Translation: the people with the most information about the company's true condition are free to sell their shares immediately. This is not standard practice. This is not how established, confident companies structure their IPOs. This is how a company structures an IPO when it prioritizes early insider liquidity over long-term shareholder alignment.
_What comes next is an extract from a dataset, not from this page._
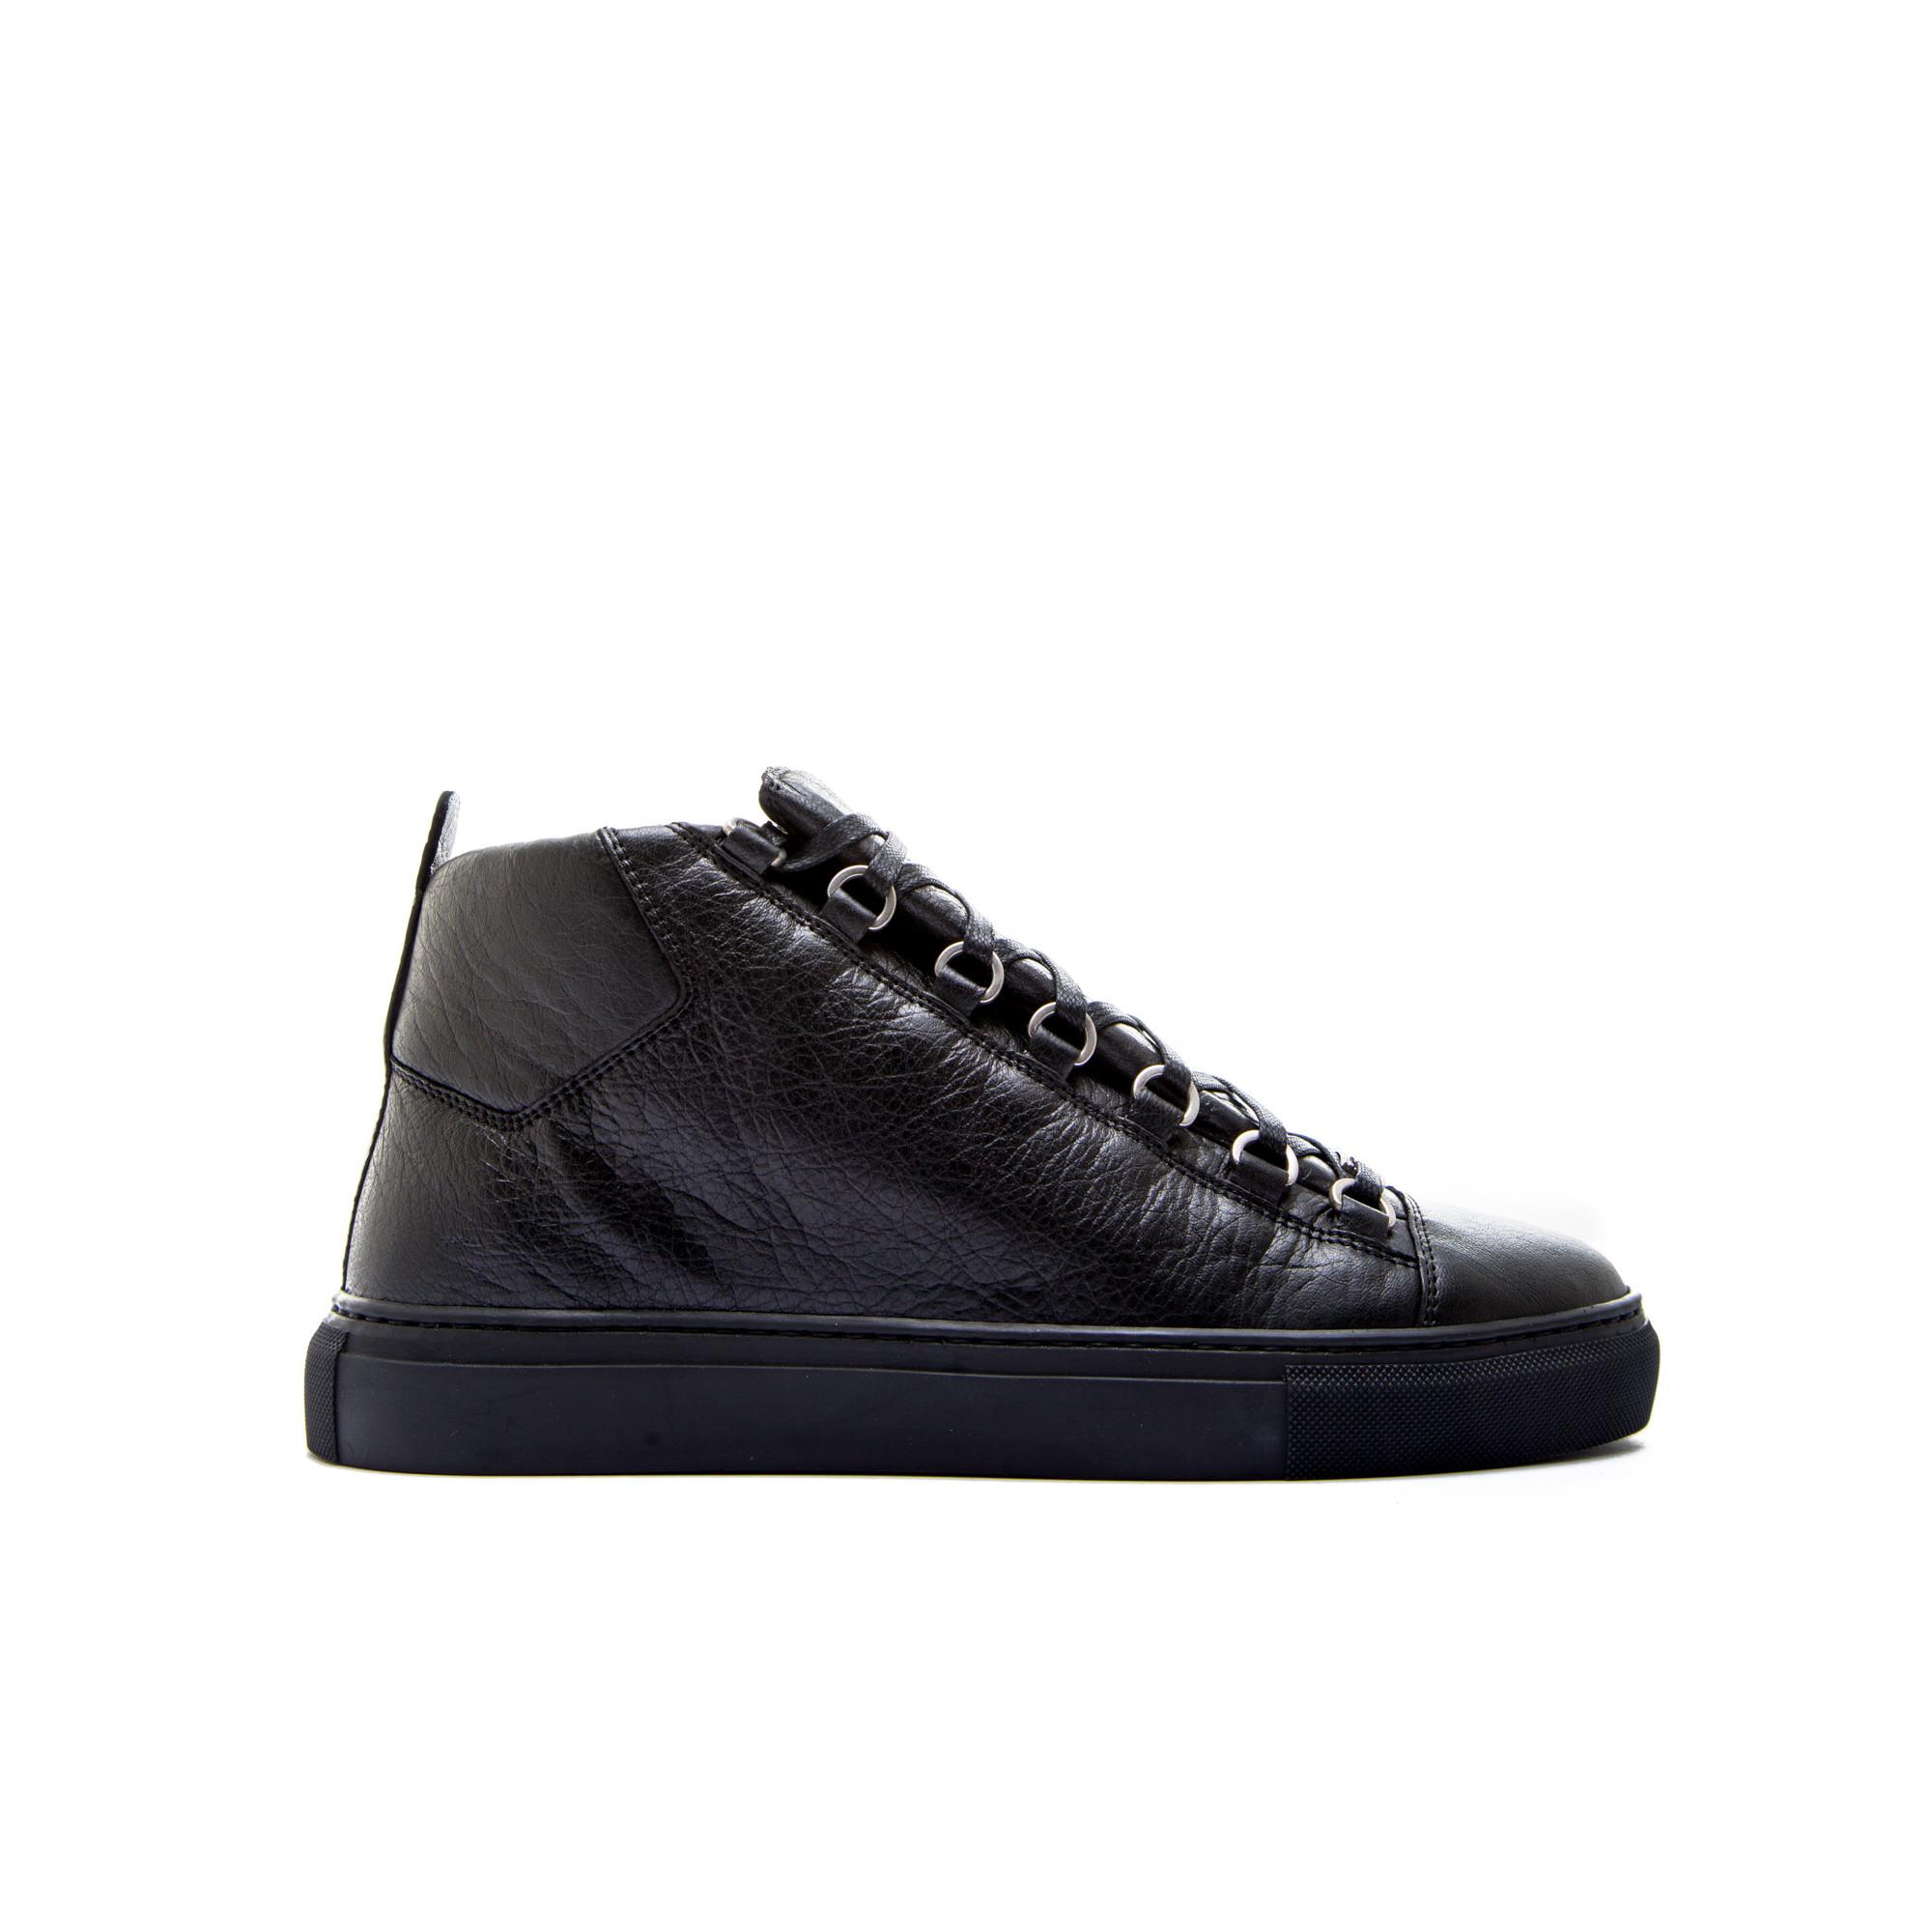 balenciaga sport shoes black. Black Bedroom Furniture Sets. Home Design Ideas
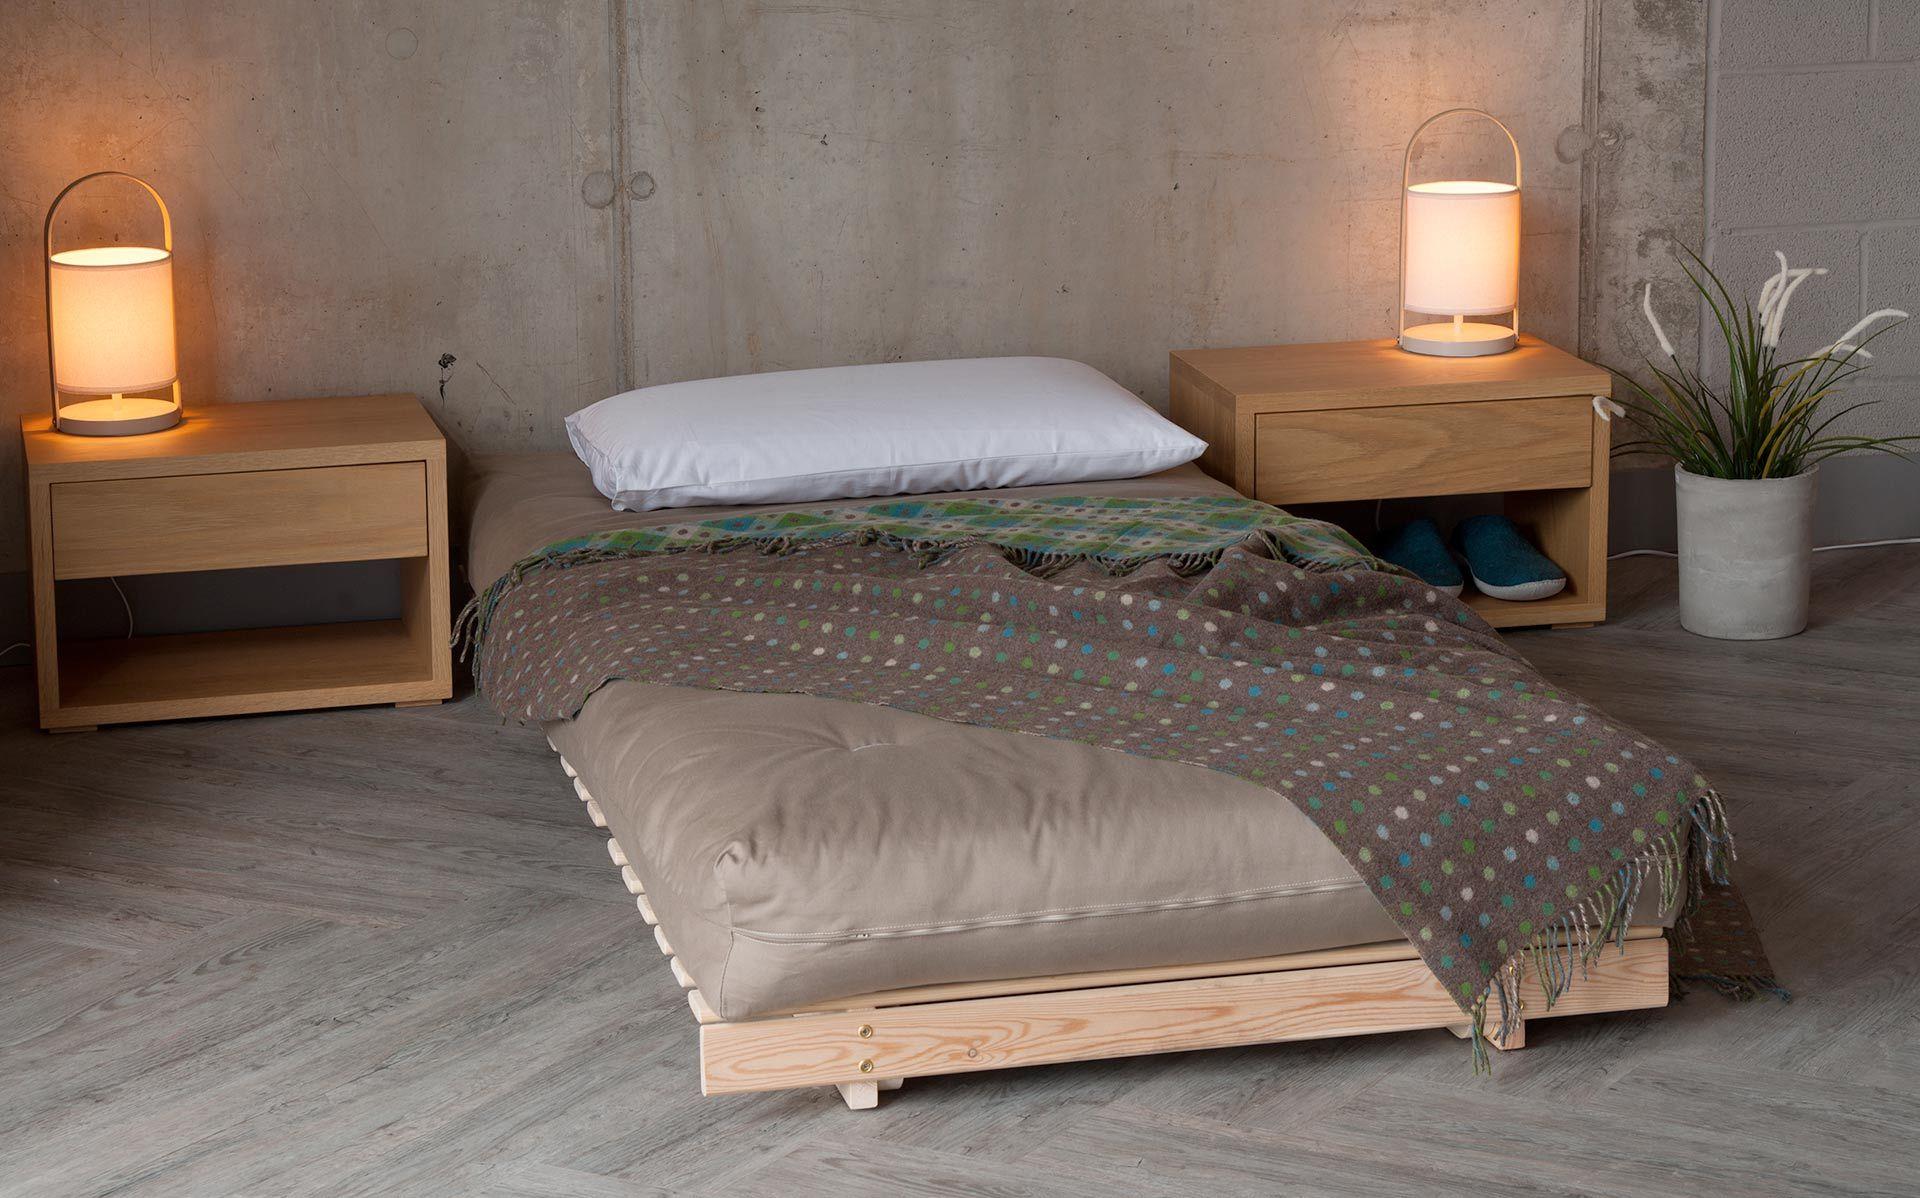 Tokyo Sofa Bed Futon sofa, Futon bedroom, Futon sofa bed

Compounding this, under Nasdaq's updated "fast entry" rules, companies large enough to qualify for the Nasdaq-100 can become eligible for index inclusion after just 15 trading days. Combined with an estimated tradable float as thin as 5%, this sets up a structural squeeze. ETF inclusion can drive mechanical buying regardless of underlying value, while the tiny float magnifies every price movement.

The Michael Burry Warning and the Meta Precedent
Michael Burry, the "Big Short" investor, has issued an urgent warning. He recently stated that the combined IPO fundraising scale of SpaceX, Anthropic, and OpenAI already exceeds the entire 2000 dot-com bubble, and has placed a $1 billion bet shorting AI stocks. He has specifically criticized the $1 trillion-plus valuations, calling the business of developing cutting-edge AI models "far too expensive, far too much brute force," predicting that computing power will be commoditized like internet use.
The most instructive historical parallel may be Meta's 2012 IPO. Priced at $38, it briefly spiked above $40 before tumbling. Within months, the stock had lost roughly half its value, trading as low as $17.55. What drove the collapse? "A lot of the lack of confidence in the stock came from within, because 57% of the shares sold in the IPO were from Facebook insiders".
SpaceX is following the same flawed blueprint but on a far larger scale.
The Liquidity Drain
Perhaps the greatest hidden consequence is the impact on everything else. A $75 billion IPO does not happen in a vacuum. This capital must come from somewhere. Retail investors, who faced a minimum requirement dropped from $25,000 to $2,500, are poised to pour in. But retail tends to get the worst of these structures, buying at the top while insiders exit.
Meanwhile, existing positions in stocks, cryptocurrencies, and high-beta tech will be sold to free up capital for SPCX. The broader market may not even realize it is being harvested until after the fact.
The Enzac Assessment: Patience Is the Better Trade
SpaceX may indeed become a $5 trillion company in time. But the path from its IPO to that valuation is almost certainly not a straight line upward. The first 6 to 12 months of being public will reveal the true story as quarterly reports expose the weight of xAI's losses and the deceleration of Starlink's growth.
The best trade is no trade, at least for now. A wider market pullback remains possible, which would not help any public company's price action. Waiting for an entry closer to $80-$90 per share may prove prudent, with an ideal range even lower. Let others chase the narrative. Watch the filings, the lockup expirations, the index inclusion dynamics, and the quarterly numbers.
This is not a story of innovation versus stagnation. It is a story of structure versus narrative. And the structure suggests that patience will be rewarded.